Scénario plausible : ces prochaines années, il est fort à parier que le Royaume-Uni -avec désormais à sa tête Gordon Brown- essayera de négocier la réforme du budget européen pour réduire la part de la politique agricole commune (PAC) tandis que la France plaidera pour rétablir les prix subventionnés aux agriculteurs.

Enfin, Sarkozy considère comme « non négociable » ce qui est jugé par beaucoup comme une absurdité logistique : à savoir, le siège du Parlement situé à Strasbourg au lieu de Bruxelles où sont localisés l’ensemble des services administratifs. Bruxelles où les parlementaires passent trois semaines sur quatre par mois alors qu’ils n’en passent qu’une dans la capitale alsacienne, lors des séances plénières uniquement.

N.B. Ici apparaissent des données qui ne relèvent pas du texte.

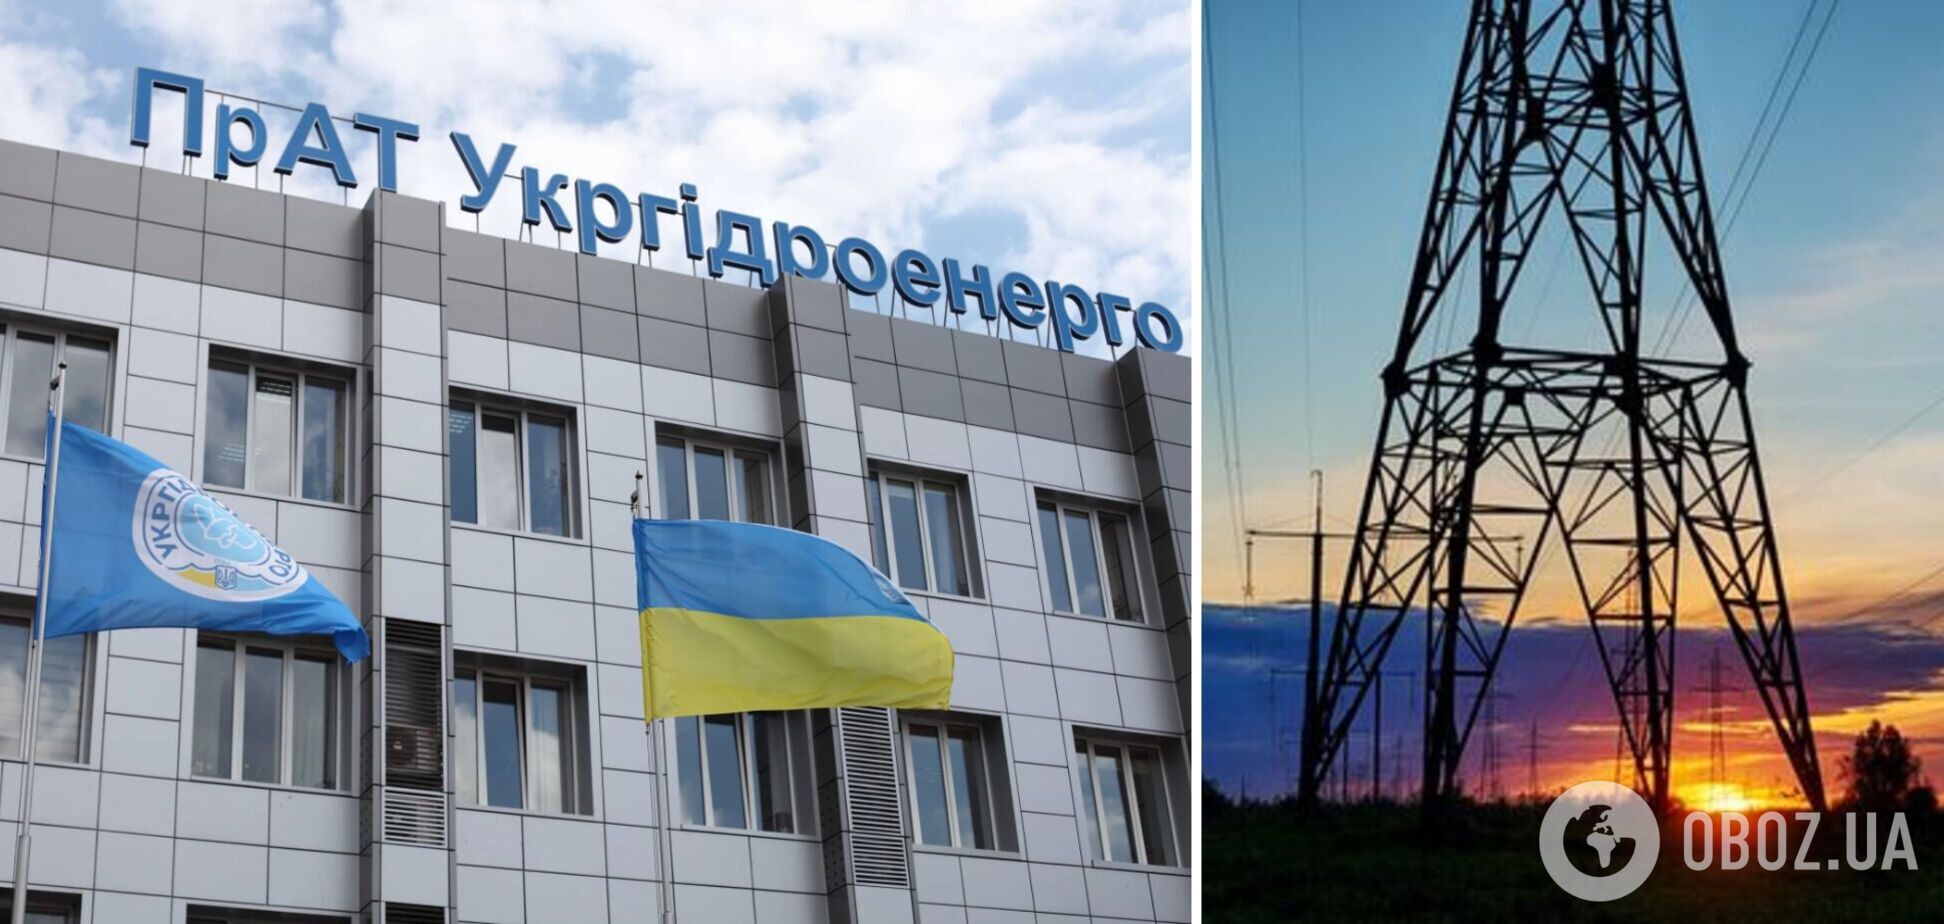 Из-за ценовых ограничений на рынке электроэнергии Украина в разы переплачивает за привлечение аварийной помощи – Укргидроэнерго

Une opportunité dans l'air

Nous vivons une époque dans laquelle les grandes puissances restent aborbées par leurs propres problèmes et il est probable qu’elle ne souhaitent pas interférer avec les membres de l'UE. Les États-Unis sont en train de perdre deux guerres, celle de l'Irak et celle de l'Afghanistan, et le président Georges Bush est en mauvaise posture. Pendant ce temps-là à l’Est, Poutine achève son mandat présidentiel. Mais l’Union est loin de mettre à profit cette absence des deux grands pour imaginer de réelles évolutions à long terme de la construction européenne. Malgré son dynamisme et son énergie, Sarkozy n’a rien du visionnaire dont a besoin l'UE pour lui donner un nouveau souffle et lui permettre d'être non seulement plus démocratique mais plus unie.